Tuesday night was my first trip to the gym since last Thursday. While that might not sound like much time, it’s important to consider how many cinnamon rolls, bottles of wine, Christmas cookies, and slices of fresh bread transpired in just those four days. The word ‘debauchery’ becomes ‘de-batch-ery,’ this time of year, as I struggle not to make eye contact with the now-empty orange roll pan.
The ghosts of moscatos past clanked their bottles as I suited up for the after-Christmas cardio tour. ‘Trepidation’ didn’t quite cover my feelings on the subject. This is still my first year at the Y. I’ve gone through training. I have routines. I have notes about my routines. I’m about as serious as an overweight sedentary office gerbil can get at this point. But I’m also a mostly oblivious overweight office gerbil, and I had no idea if (and more likely: how much) damage had been done to my progress with mashed potatoes and ginger bread.
I tugged on my yoga pants and my Tardigrades Extreme Swim Team tee shirt, opened up my Muevete con Zumba playlist, climbed aboard the elliptical and prayed I wouldn’t throw up.
Five minutes later, I was wondering just why I’d gotten myself so worked up about all this.
We have certain cultural expectations of fitness. The longer I do this, the more I realize that the things I’d just nodded acceptance to are as mythic as satyrs and naiads. Or, they’re true – but only if your ideals and needs match the ideals and needs that birthed that expectation. I expected to have an awful day at the gym because I hadn’t been to the gym in almost a week.
The thing was, my stamina and my strength hadn’t noticeably ebbed. I was even able to push myself a little harder without repercussions. Instead of nagging at me about my failure to stay in line, my body was ready and eager to go! Four days’ worth of carb-filled ridiculousness hadn’t actually put me back at square one. It hadn’t even put me back a square at all, as far as I can tell. My dread was all an expansion of someone else’s goals, I realized. My goals circle around feeling better, stabilizing the muscles around my crappy knee joints, and staving off the health problems associated with a sedentary life. I want to lose weight to help those knee joints out some more – but I no longer want to lose weight to fit the cultural ideal of what ‘fitness’ looks like. It’s a benchmark of progress made, but it doesn’t ruin me anymore if I don’t see change.
I expect that my carb-, salt- and calorie-filled ridiculousness added some weight. I can’t tell you for sure, because I didn’t step on the scale that day. I expected the workout to suck, I think in part because the culture equates a lack of weight loss, and weight gain with failure. That concept expands out into a broader, more nebulous ‘punishment’ for not upholding a personal commitment. I figured I would struggle because I deserved to be punished for a perceived failure. In the future, I’m going to work on my mindfulness and try to approach these workouts as an opportunity to challenge myself and improve, than a punishment for doing something ‘bad,’ like holiday overindulgence.

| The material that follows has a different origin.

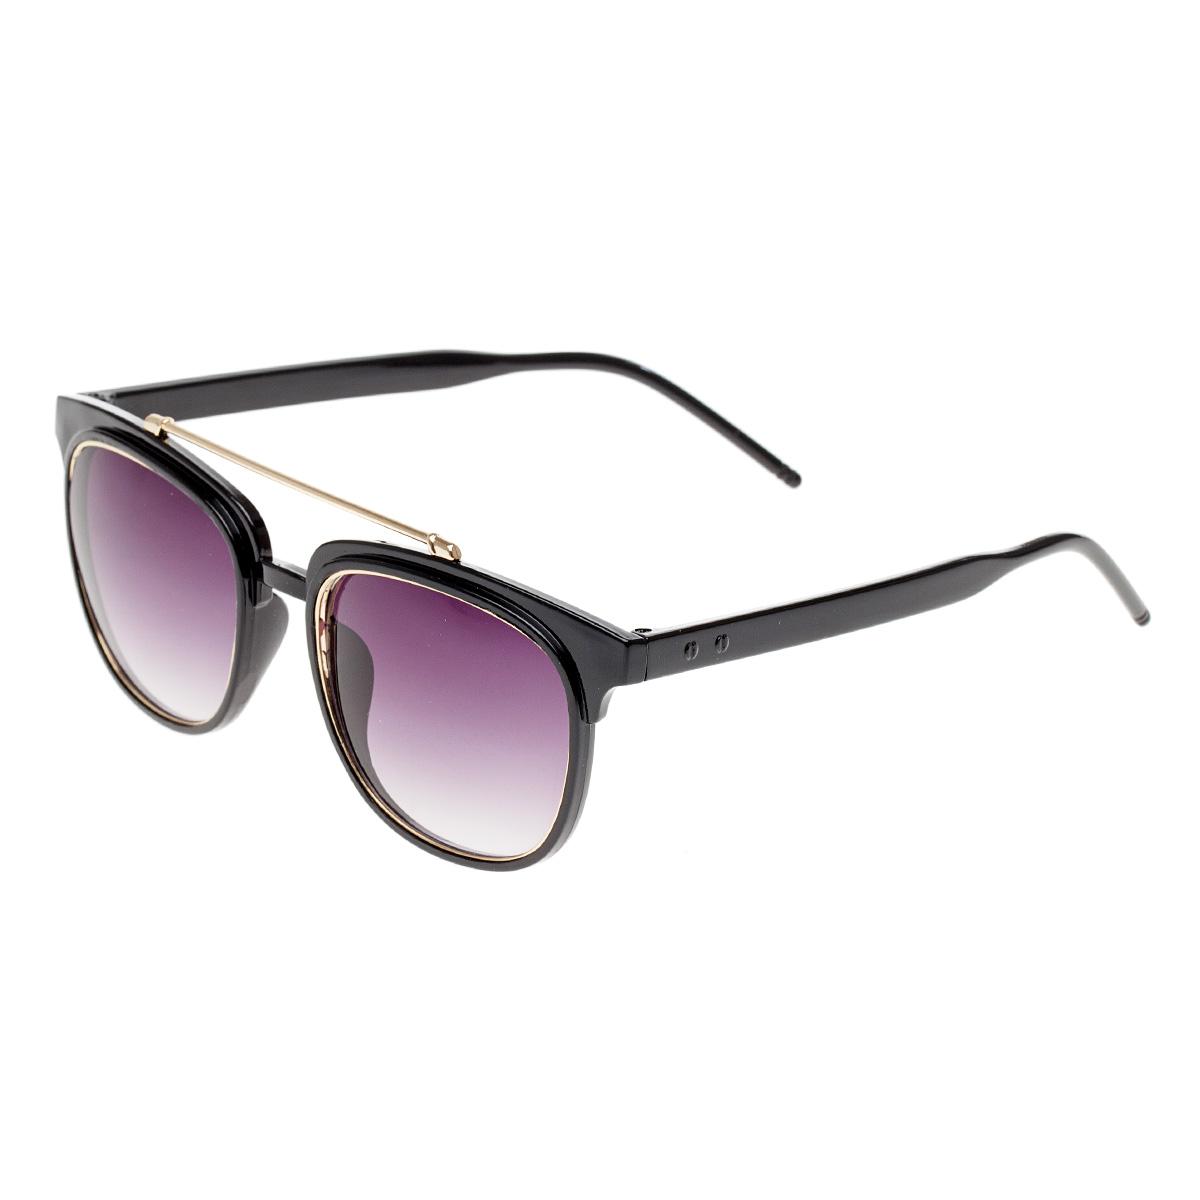 Фото - Очки солнцезащитные Sevenext, 23032-60 очки солнцезащитные sevenext 23032 28

A pan of orange rolls is still not something I should eat every weekend. I can do better – I will do better. But it’s nothing to be ashamed of, because I’m still committed to my overall personal health.

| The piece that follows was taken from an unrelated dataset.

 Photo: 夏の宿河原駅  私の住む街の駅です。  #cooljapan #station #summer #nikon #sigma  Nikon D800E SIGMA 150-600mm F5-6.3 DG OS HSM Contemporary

There are so many potential mental pitfalls, when it comes to fitness. I measure myself constantly, against what I did do yesterday and what I think I should have done; what I see others doing. But I’m glad to say – so glad that I can’t do more than make an exhausted wave of relief in its general direction – that I no longer measure myself against how this culture thinks ‘fit’ looks. Shy introvert me can now walk into a busy room in my tight pants and my tank top and not care – because on the day’s first round of resistance training I’ve just lifted five more pounds than I could last week. I can plank for a full minute. I can squat and get myself back up without help. I can feel improvement. That tops whatever the girl two machines over may or may not think of my gut.

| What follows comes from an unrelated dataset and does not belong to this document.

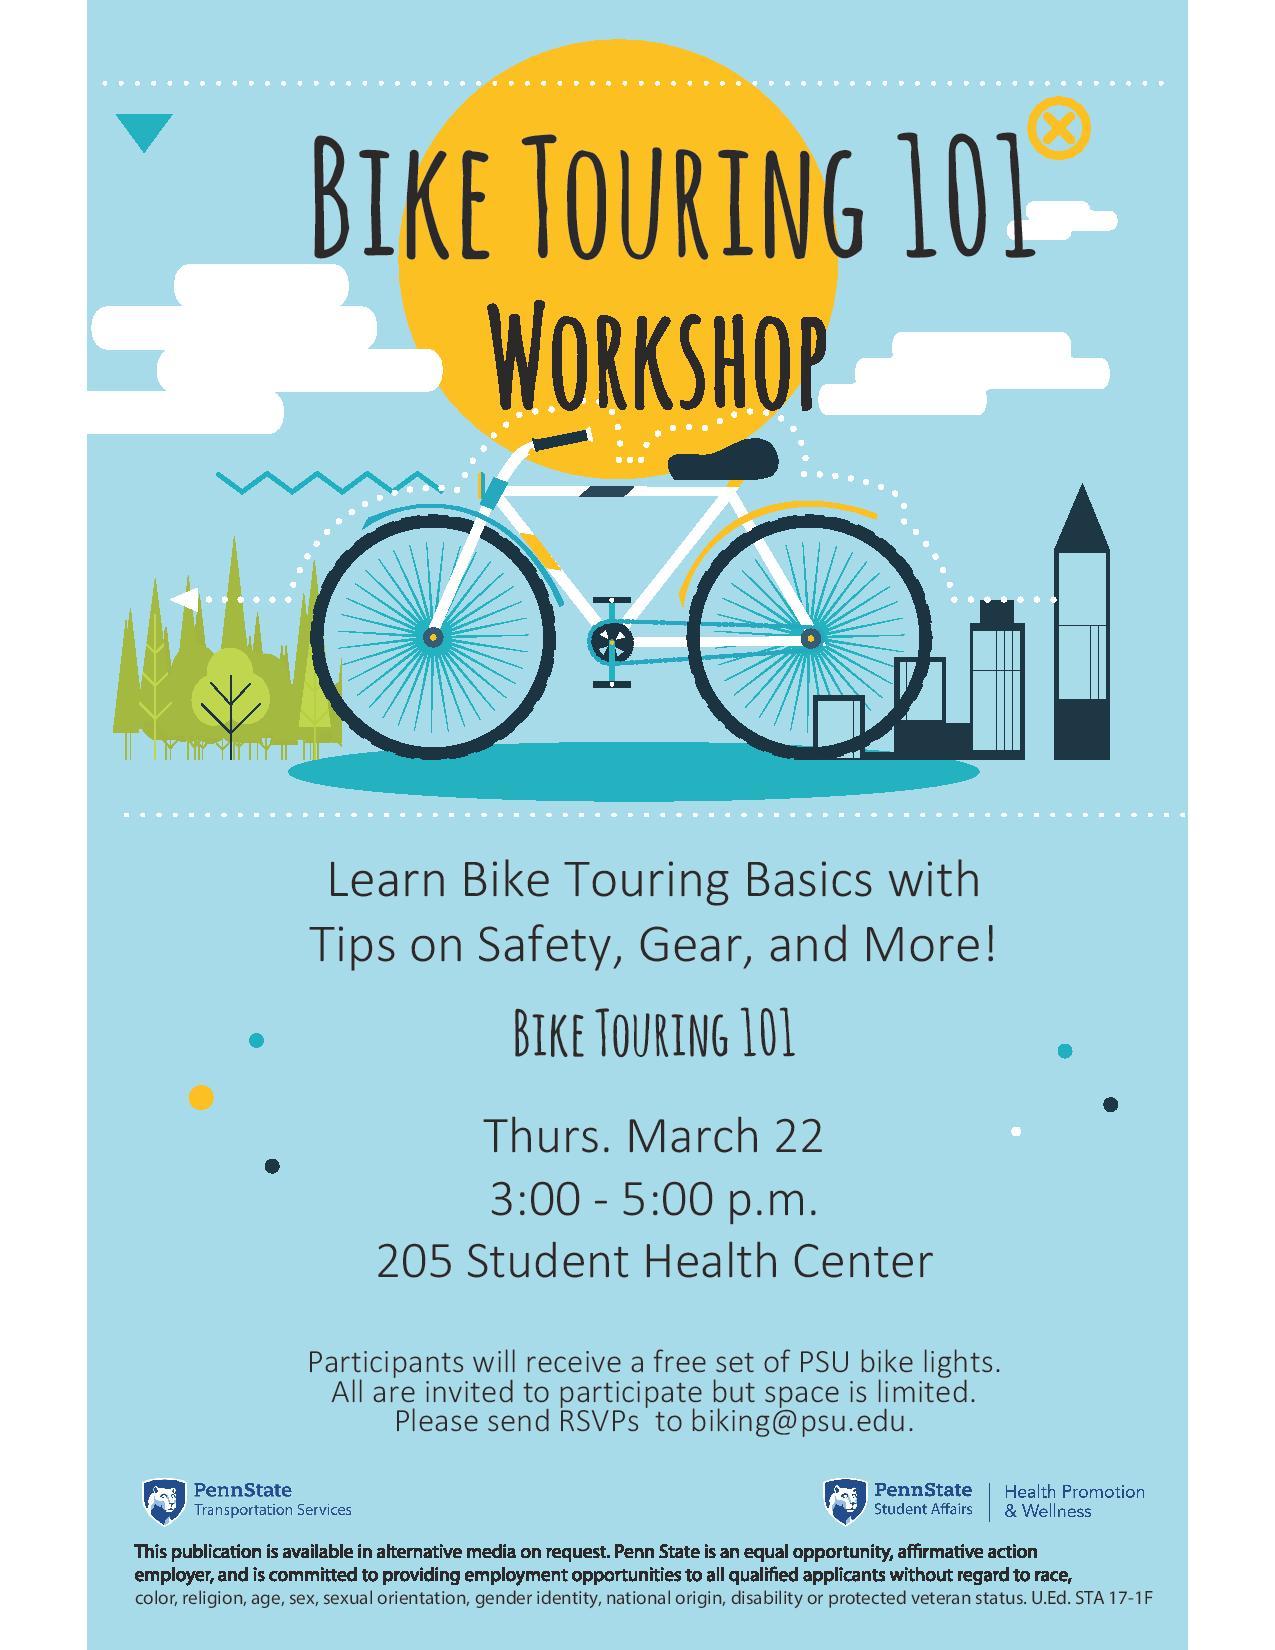 March 22 Bike Touring 101 Workshop Flyer

(It’s important to note that whenever I feel self-conscious and wonder what said girl two machines over might think, I remind myself that said girl is just like me and just as focused on what she’s doing. Everyone else in the room fades for me when I’m struggling to lift eighty pounds over my head. It’s the same for her. If it’s not, then she might want to increase her weights. Either way, it’s out of my control and should be out of my mind.)
I’m still gonna dread the gym. That’s a given. There are just days when I would rather watch three episodes of Haikyuu!! and not put on my workout pants and go out in the cold. But – hopefully – I’m never gonna dread it again for the reasons I dreaded it this week. Brains are funny things, filled with a goop of past experiences and learned expectations. All we can do is prove the problematic expectations wrong, and keep doing it, until our mindsets change.